Яшка подошел к зароду. По запаху, по разорванной на груди рубахе, по лохматому волосу на голове узнал его — это был ругливый, шумный человек, но лошади почему-то любили его. Никто не любил, а лошади любили. Может быть, потому, что с раннего возраста привыкали к нему, пьяному, с людьми грубому. И с ними, с лошадьми, он обходился не лучше — ругал их, но кормил и разговаривал так, будто все они должны были его понимать.
Человек проснулся, сел и потряс головой. Яшка отскочил сажени на три, боком встал, повернул голову.
— Ты где шляесси? — спросил человек. — Ты что об себе понимаешь, июда?
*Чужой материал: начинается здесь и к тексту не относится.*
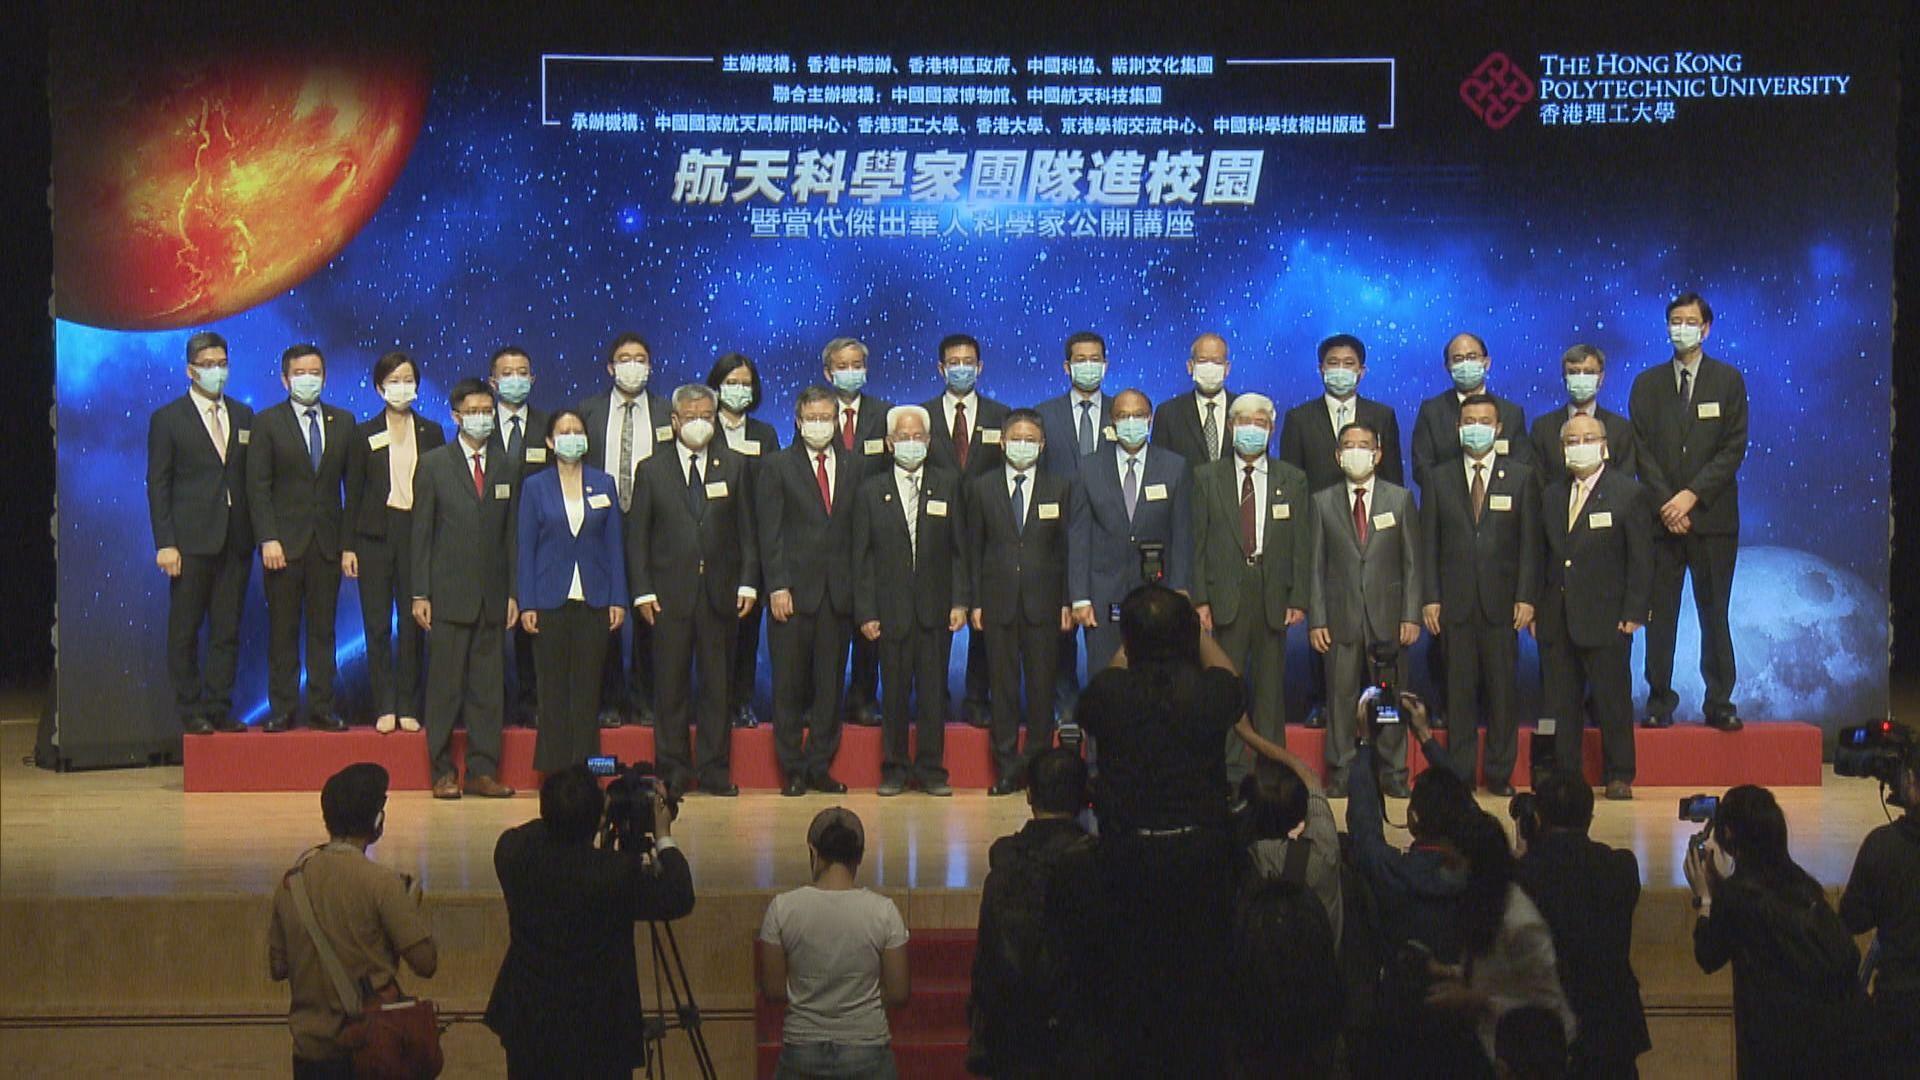 訪港航天專家:中國07年後進行反衛星導彈試驗 有保衛國家主權能力

Значит, я за тебя отвечай, а ты, значит, вольничаешь? — Яшка запрядал ушами, переступил, и это не понравилось человеку. — Пляшешь, пала, танцуешь? А робить кто будет? — Тут человек вскочил с земли и с кулаками бросился на Яшку. Яшка отбежал, остановился. Человек грозил ему кулаком, ругался, а потом сказал: — Сам придешь, пала, сам! Голодуха тебя, бродягу, домой пригонит! — И ушел, хромая на обе ноги, разговаривая сам с собою. Вместе с ним уплыл и тяжелый болотный запах.
А назавтра исчез с поля зарод — увезли его по велению бригадира.
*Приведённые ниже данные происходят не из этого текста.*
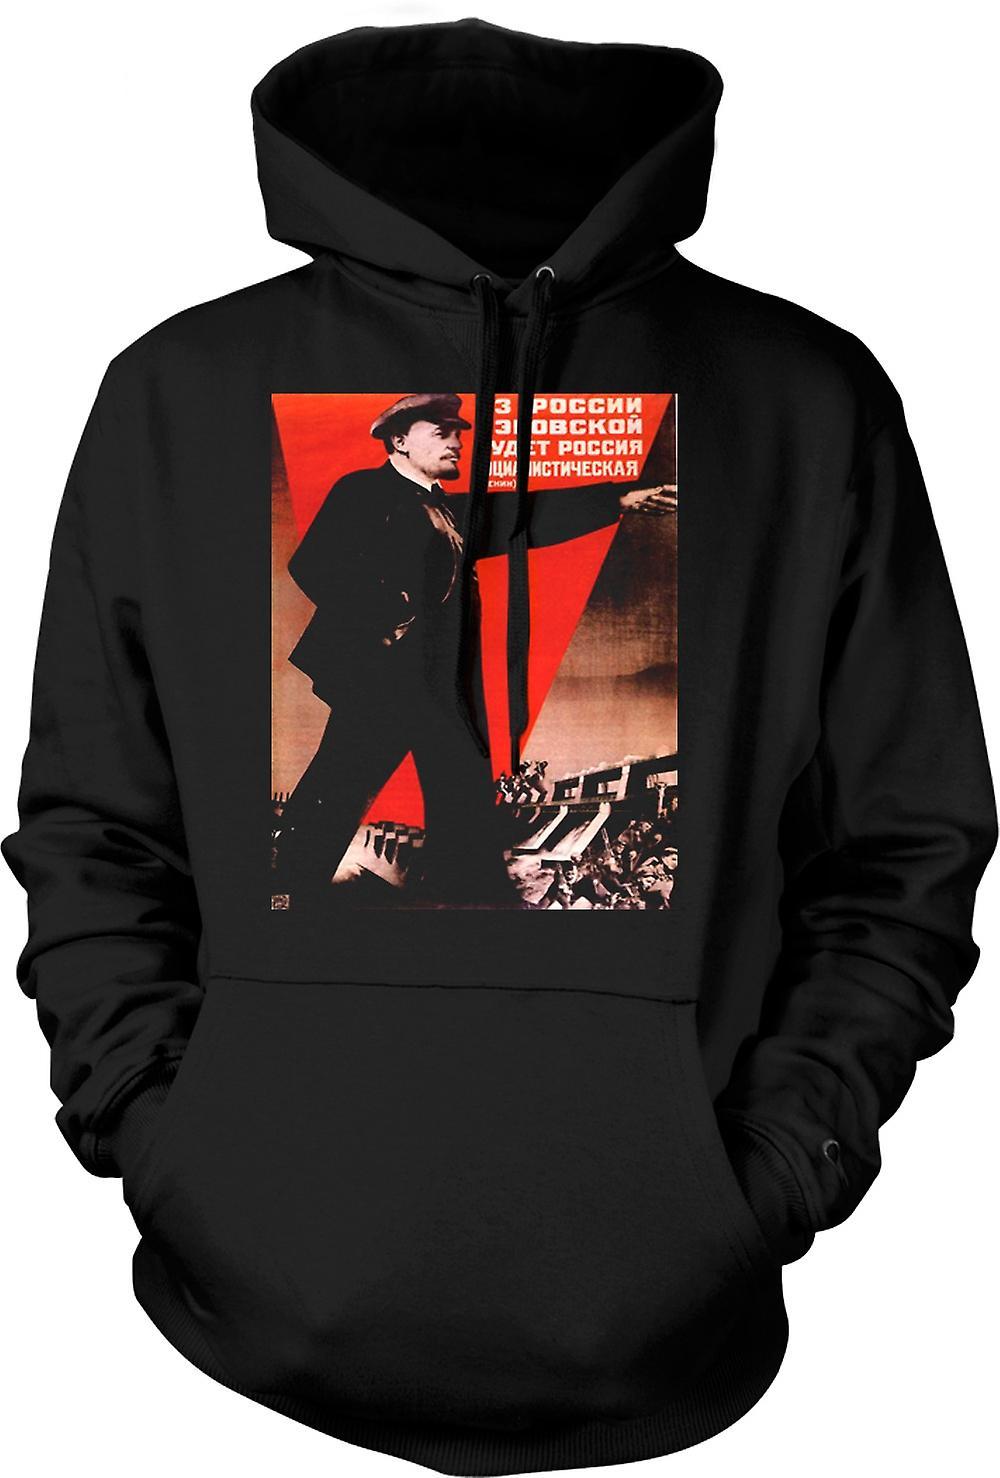 Mens Hoodie - Lenin Russian Propoganda Poster

Одонья зарода хватило ненадолго, да и снег уже выпал к этой поре, завалил траву, приморозило заросли в речке.
Вскорости мороз ударил, взнялась первая метель.
Яшка пришел в деревню. Сам пришел. Остановился среди улицы, протяжно заржал.
— Лови его, змея! — закричал бригадир.
Прибежали люди. Яшка шарахнулся от них, но его поймали арканом, и Яшка чуть было не задавился, ошалев от страха, криков и петли, больно сдавившей горло.
Бригадир схватился за удавку, ослабил ее, и когда Яшка отдышался, водворили его в темную и душную конюшню, пнув напоследок в пах. Яшка кричал, метался в стойле и ничего не ел. Тогда бригадир еще раз громко заругался и подпустил к нему Марианну. Сын с матерью долго бились в тесном стойле, но потом привыкли друг к другу, обнюхались и ели из одной кормушки овес и сено.
С Марианной и на улицу выпустили Яшку. Он ударился в лес бежать, но в первом же овраге ухнул по брюхо в снег, забился там бешено, потом, обессиленный, осел в сугроб и запришлепывал плачущими губами.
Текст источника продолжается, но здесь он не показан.